▶ [Assigned task] Practice item. Set the material below down again exactly, with no pictures.

▶ [Source data]

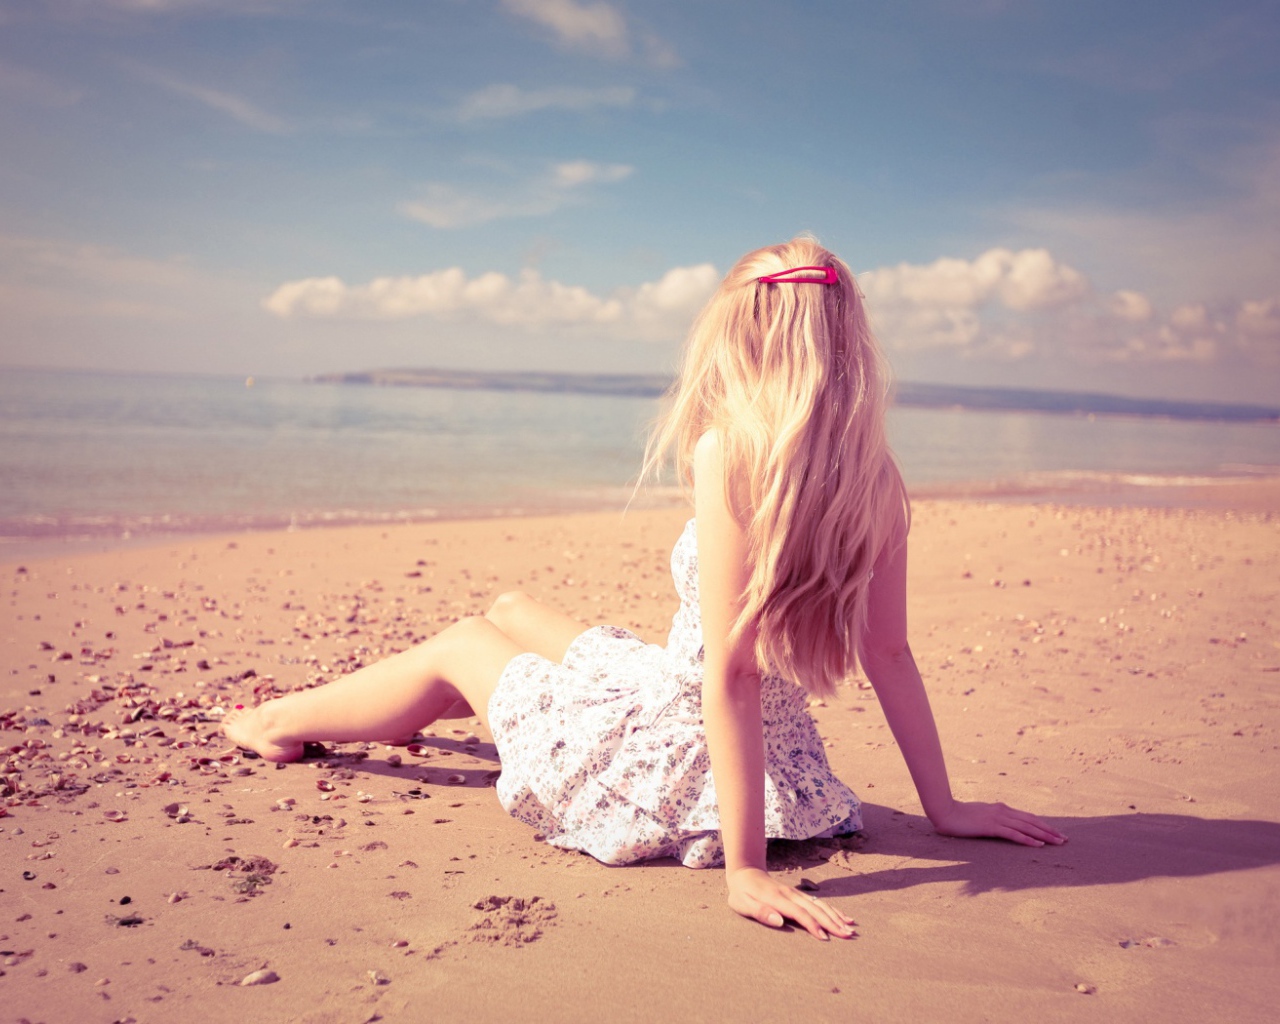 A young girl on the beach
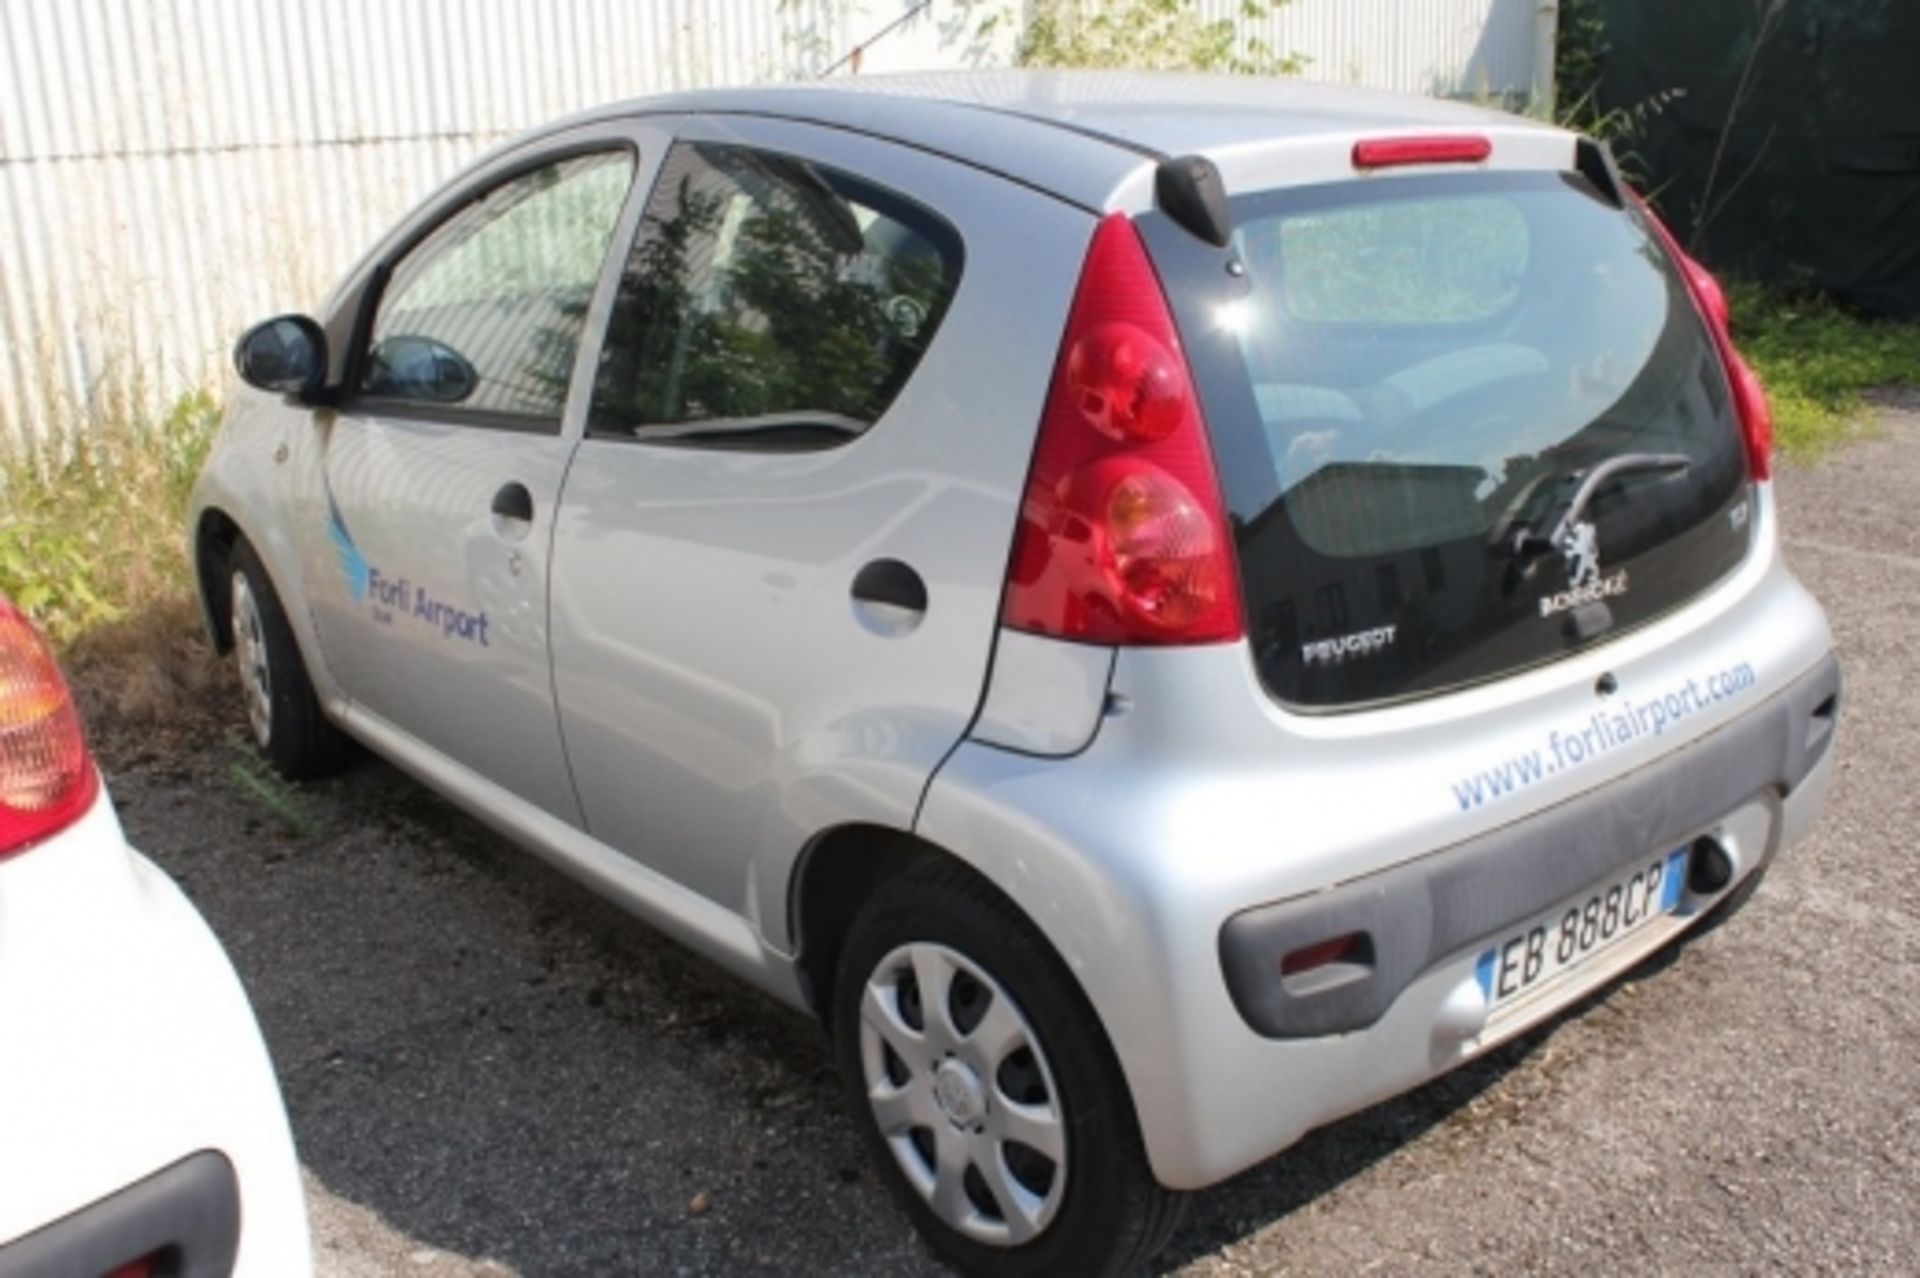 1,Peugeot 107 Plate:EB888CP color: white, gasoline engine, mileage: 16.316 km, body: various dents
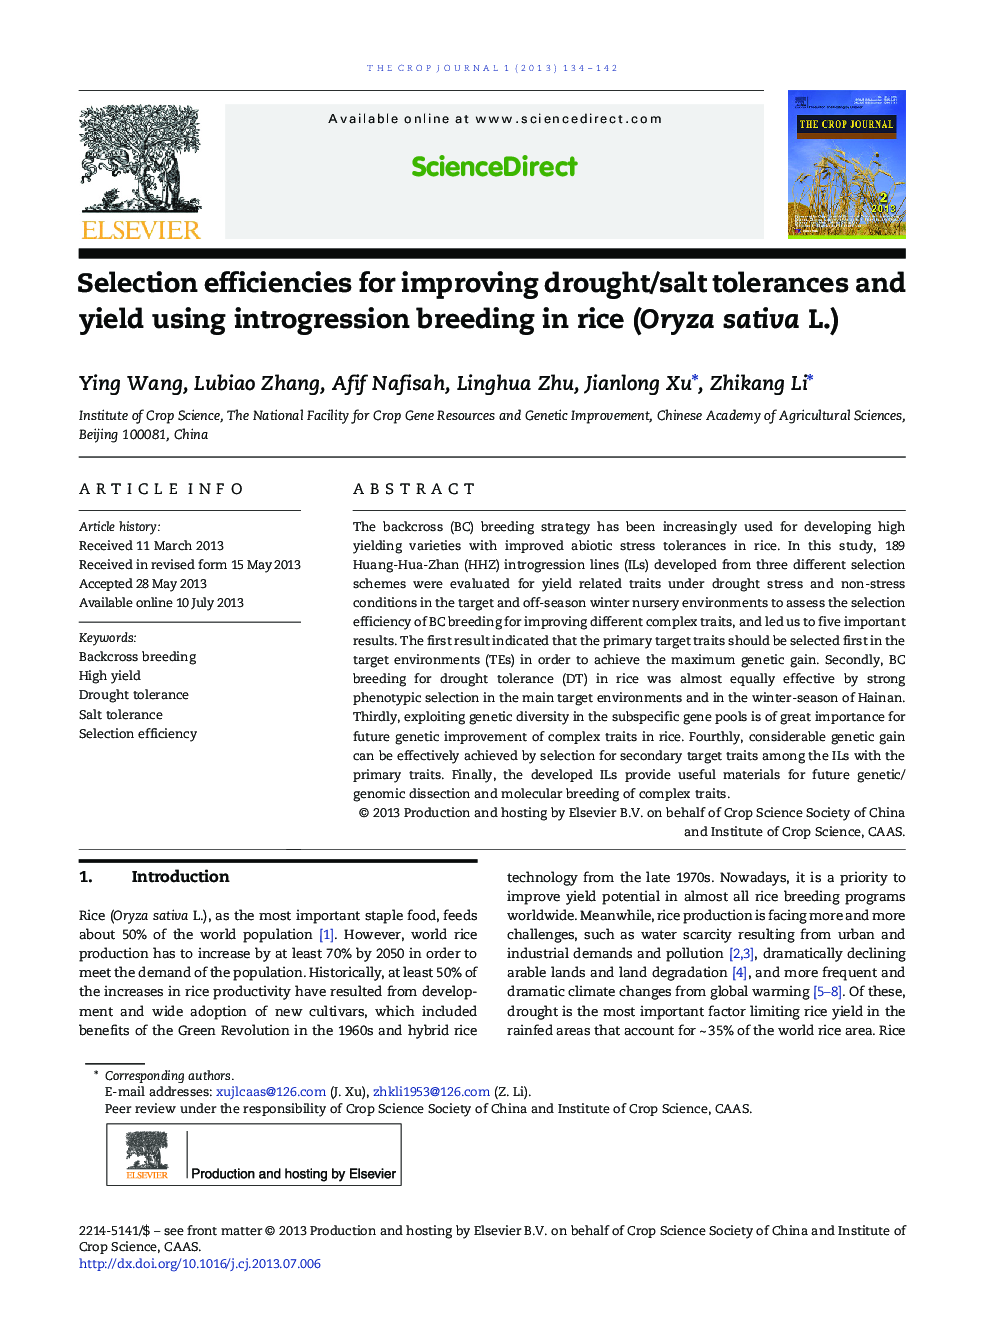 Selection efficiencies for improving drought/salt tolerances and yield using introgression breeding in rice (Oryza sativa L.)

▶ [Exercise response]
 A young girl on the beach
 1,Peugeot 107 Plate:EB888CP color: white, gasoline engine, mileage: 16.316 km, body: various dents
 Selection efficiencies for improving drought/salt tolerances and yield using introgression breeding in rice (Oryza sativa L.)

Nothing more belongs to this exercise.